Correct Answer: 6.66%

Explanation:


Introduction / Context:
This question tests your understanding of how simple interest causes an amount to grow over time. You are told that an investment doubles in 15 years under simple interest and asked to find the annual rate of simple interest. Doubling-time questions are very common in aptitude exams and often have neat fractional answers.


Given Data / Assumptions:

  • Initial principal = P.
  • Amount after 15 years = 2P (doubles).
  • Time t = 15 years.
  • Simple interest is used at a constant annual rate r%.


Concept / Approach:
Under simple interest, total interest I over t years is I = (P * r * t) / 100. If the amount doubles in t years, then the total interest equals the original principal: P + I = 2P, so I = P. This gives a direct equation relating r and t, which you can solve quickly. Then convert the resulting fraction into a percentage and match it to the options.


Step-by-Step Solution:
Step 1: Amount doubles in 15 years, so final amount A = 2P. Step 2: Total interest I = A − P = 2P − P = P. Step 3: Use the SI formula: I = (P * r * t) / 100. Step 4: Substitute I = P and t = 15: P = (P * r * 15) / 100. Step 5: Cancel P on both sides (P ≠ 0): 1 = (r * 15) / 100. Step 6: Rearrange to solve for r: r = 100 / 15. Step 7: Compute r: 100 / 15 = 6.666..., which is approximately 6.66% per annum. Step 8: Therefore, the annual simple interest rate is about 6.66%.

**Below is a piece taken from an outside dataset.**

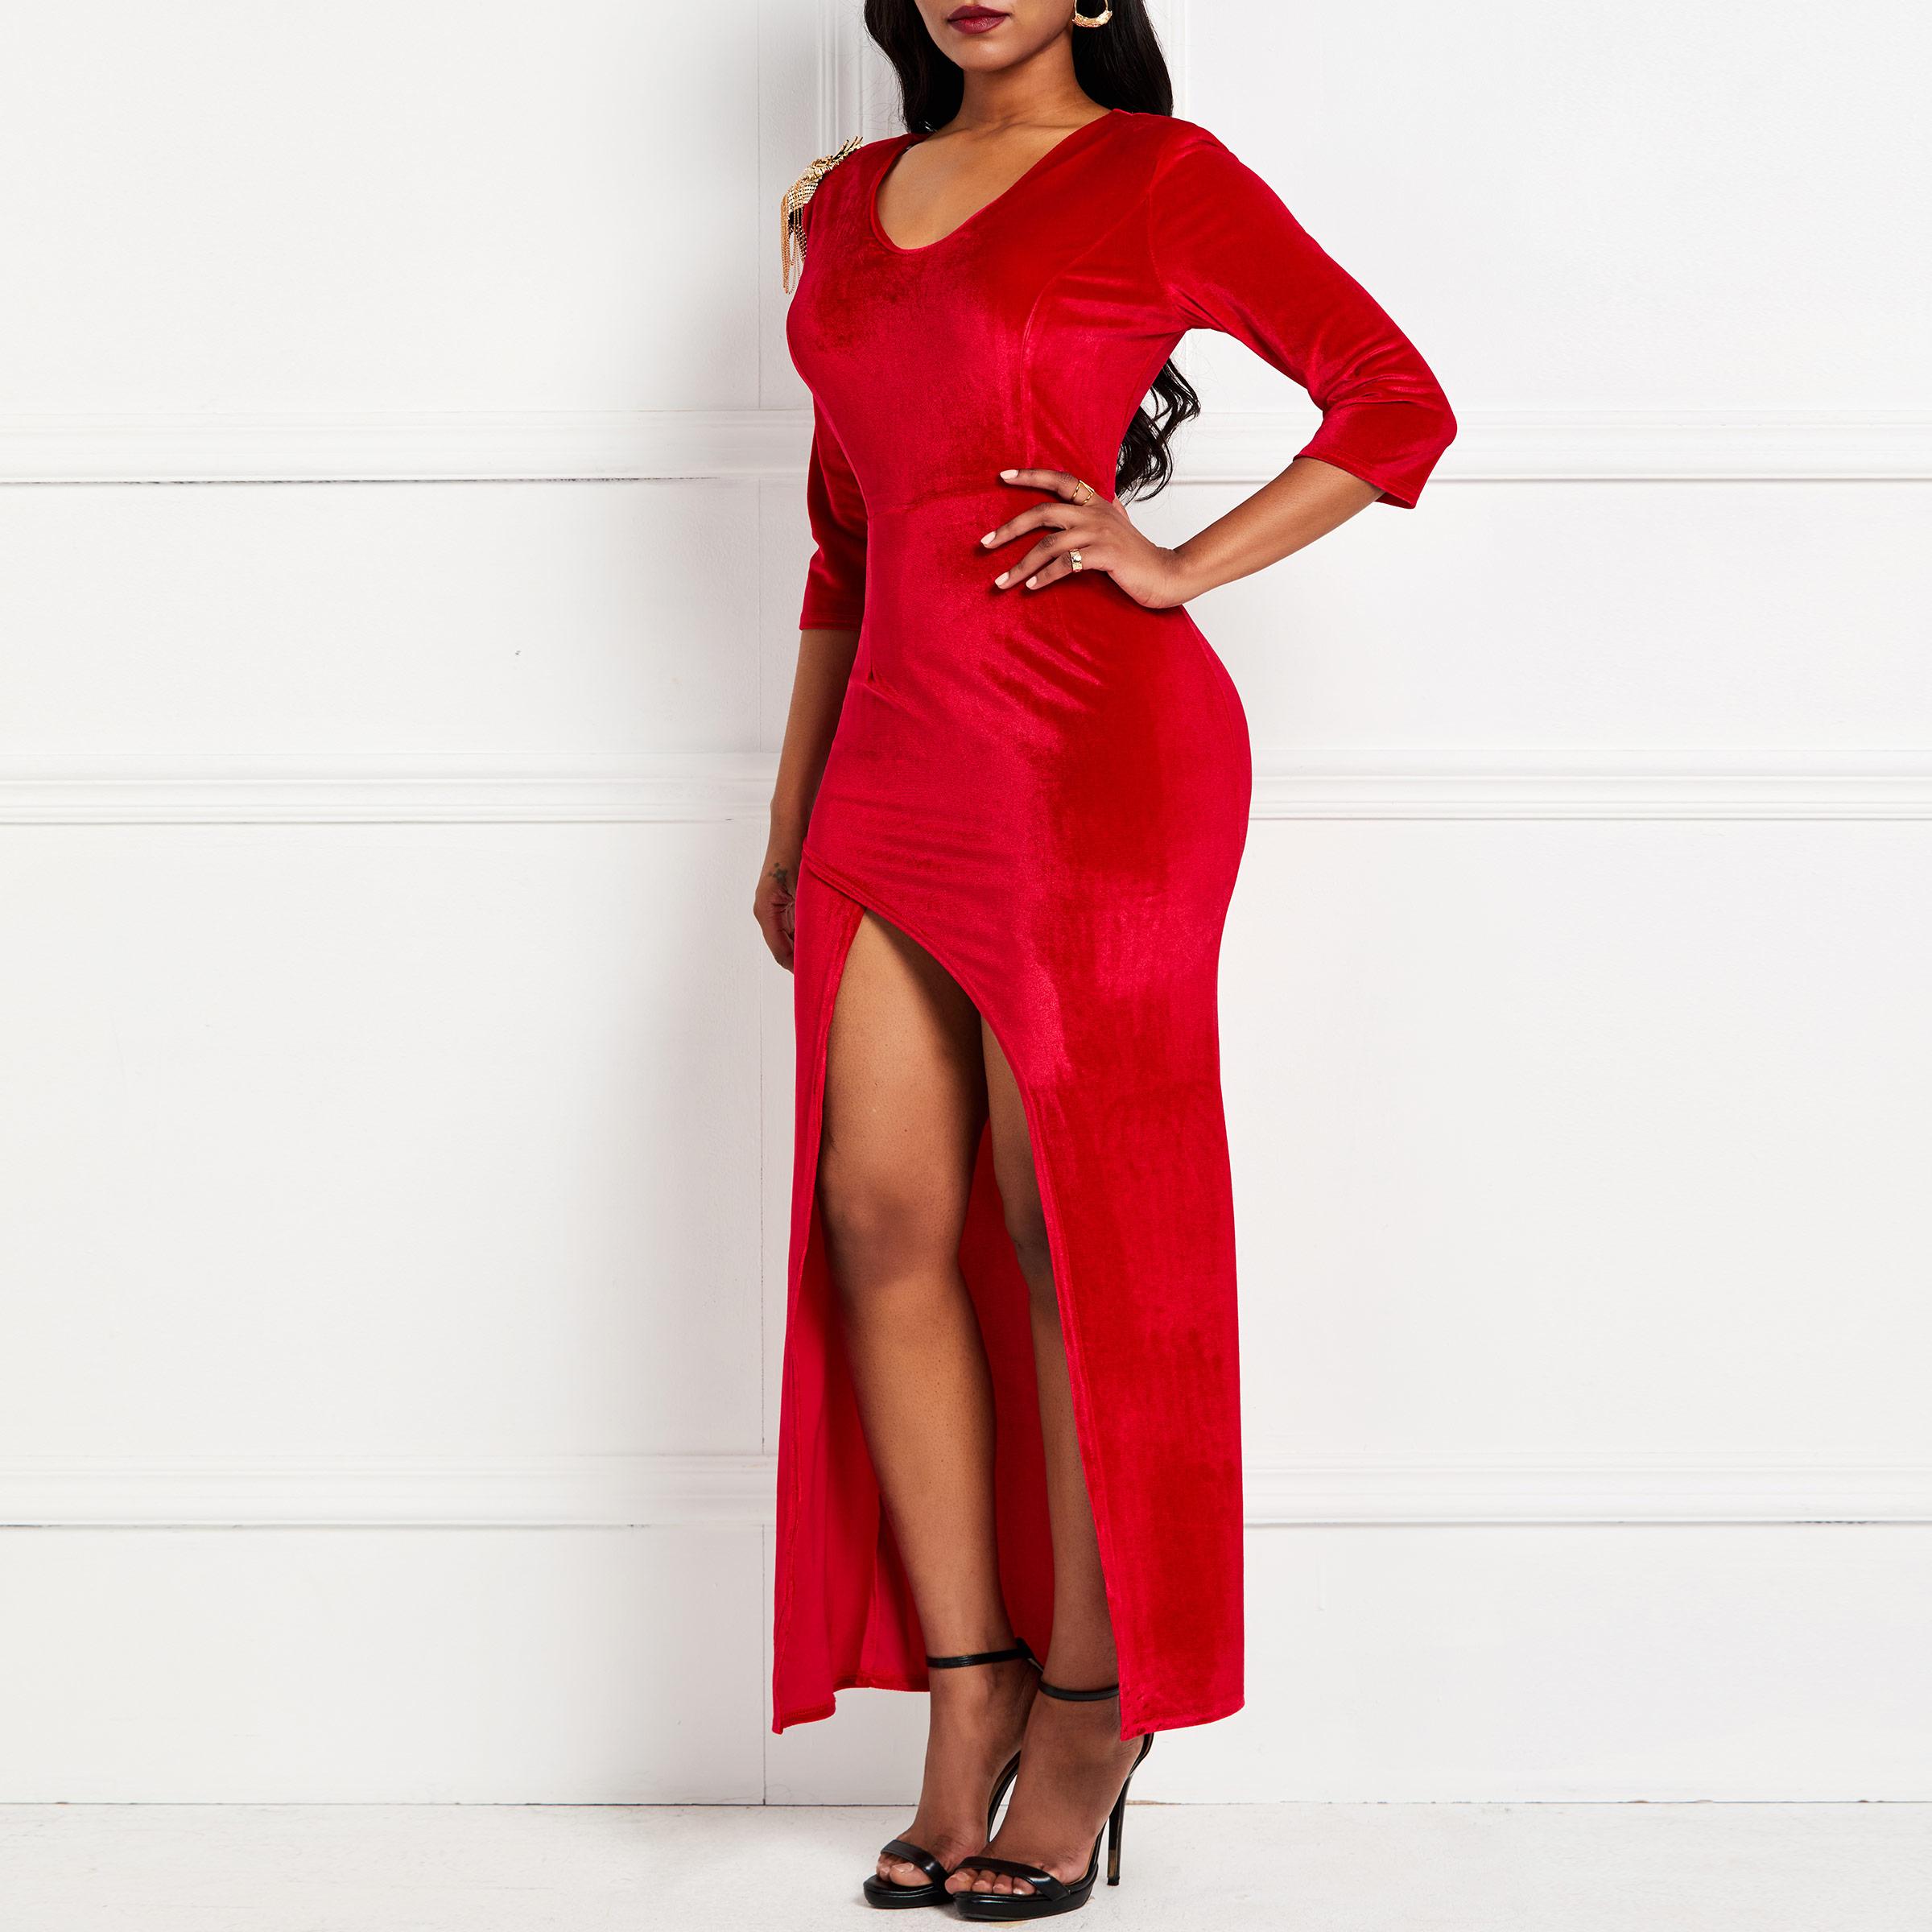 Красное бархатное Макси-платье 2019 Сексуальное вечернее женское роскошное платье с разрезом элегантное для вечеринки и клуба облегающие дл...

Verification / Alternative check:
Check by substituting r ≈ 6.66% back into the SI formula. SI for 15 years = (P * 6.66 * 15) / 100 ≈ P * (99.9 / 100) ≈ P. So the total amount is P + I ≈ P + P = 2P, confirming the doubling condition. The slight approximation arises from rounding 6.666... to 6.66%, but for aptitude purposes, this is accurate enough.


Why Other Options Are Wrong:

  • 7.85%, 9.41%: Both are higher than needed and would cause the amount to more than double in 15 years.
  • 4.21% and 5.00%: These are lower than required and would not be enough to double the amount in 15 years under simple interest.


Common Pitfalls:
Some students mistakenly use the compound interest doubling rule or apply logarithms unnecessarily. Others divide time by 2 instead of linking interest to the principal. Under simple interest, doubling simply means interest equals the principal over the given time, leading directly to the relation r = 100 / t. Keep this shortcut in mind for quick mental calculations.


Final Answer:
The annual rate of simple interest is approximately 6.66% per annum.